No, you're not allowed to do that. See the documentation at the top
of the source code for usb_autosuspend_device() and
usb_autoresume_device() in driver.c.
> > > My observation so far is - when the USB device is connected for
> > > first
> > > time, Android's USB manager server is able to open the device and
> > > reads
> > > its descriptors using usbfs. But the test is not able to. The change
> > > is
> > > auto-suspend in between device connect and run of test program.
> > >
> > > I am still analysing the situation here to see if pre-condition
> > > above
> > > really makes difference or not. So please take this update with
> > > pinch of
> > > salt. However, still I wanted send this update and get a quick
> > > review to
> > > ensure I am not wandering in weeds.

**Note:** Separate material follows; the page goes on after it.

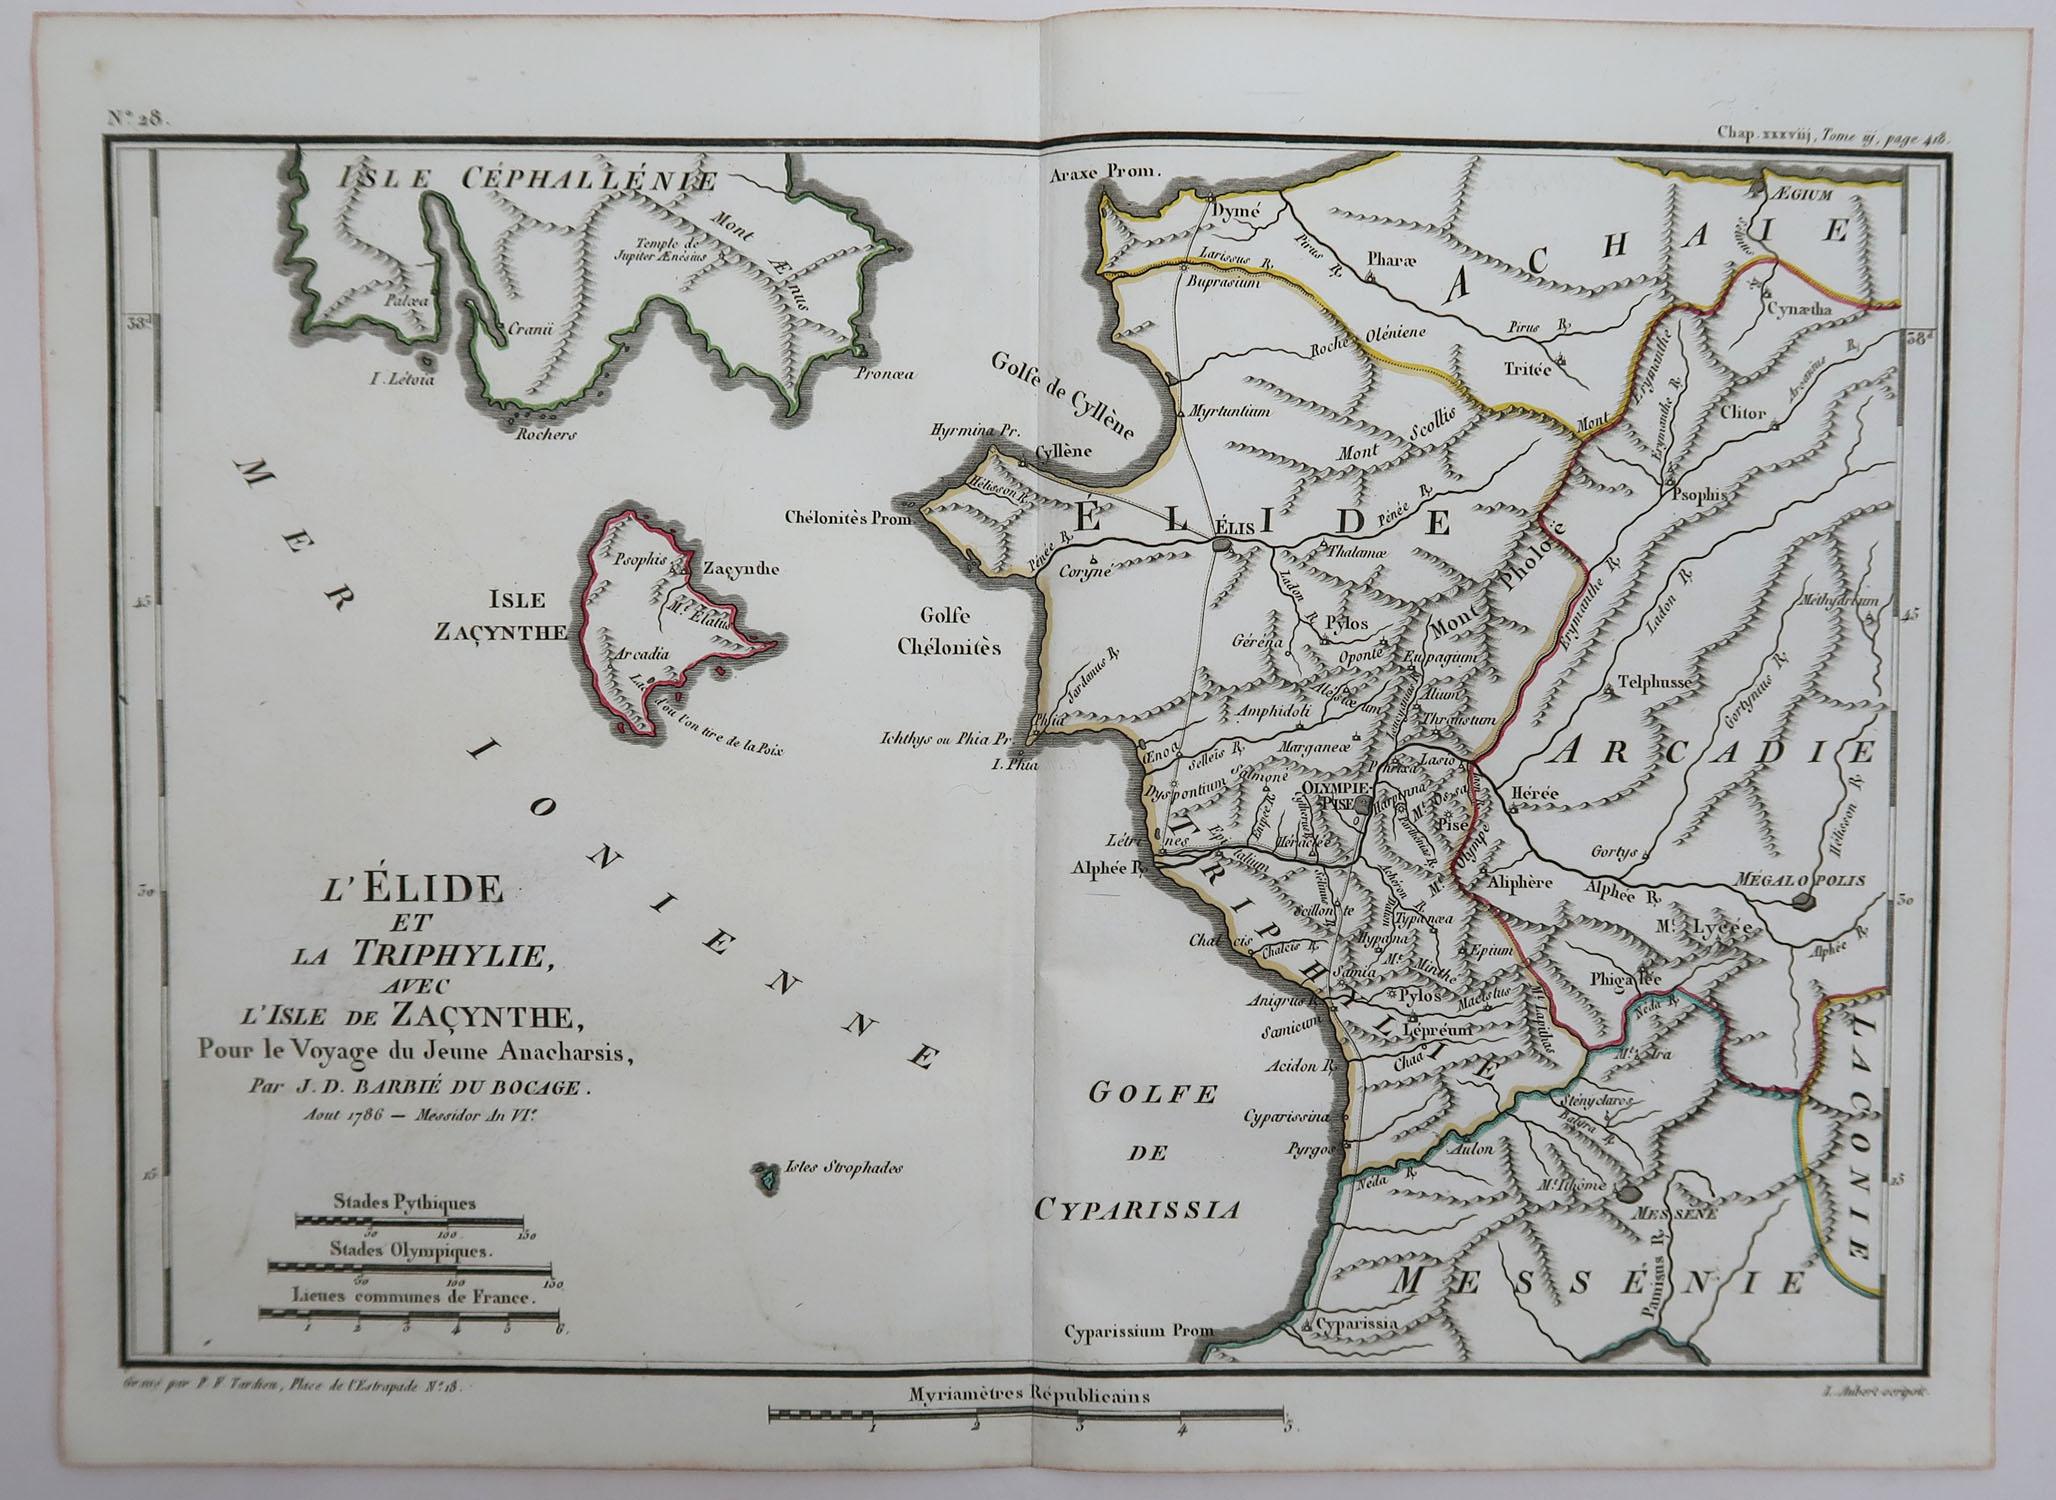 Other Original Antique Map of Ancient Greece, Elis, Island of Zakynthos, 1786

> > This doesn't sound like a real problem.
> >
> > However, I have been thinking about how to do all this in light of
> > Oliver's comments, and it seems like we should make some changes.
> >
> > First, let's change the ioctls' names. Instead of RESUME and SUSPEND,
> > I'll call them FORBID_SUSPEND and ALLOW_SUSPEND. The way they work
> > should be clear: ALLOW_SUSPEND will permit the device to be suspended
> > but might not cause a suspend to happen immediately. FORBID_SUSPEND
> > will cause an immediate resume if the device is currently suspended
> > and
> > will prevent the device from being suspended in the future. The new
> > names more accurately reflect what the ioctls actually do.
> >
> > Second, the WAIT_FOR_RESUME ioctl will wait only until a resume has
> > occurred more recently than the most recent ALLOW_SUSPEND ioctl. So
> > for example, if the program calls ALLOW_SUSPEND, and the device
> > suspends, and then the device resumes, and then the device suspends
> > again, and then the program calls WAIT_FOR_RESUME, the ioctl will
> > return immediately even though the device is currently suspended.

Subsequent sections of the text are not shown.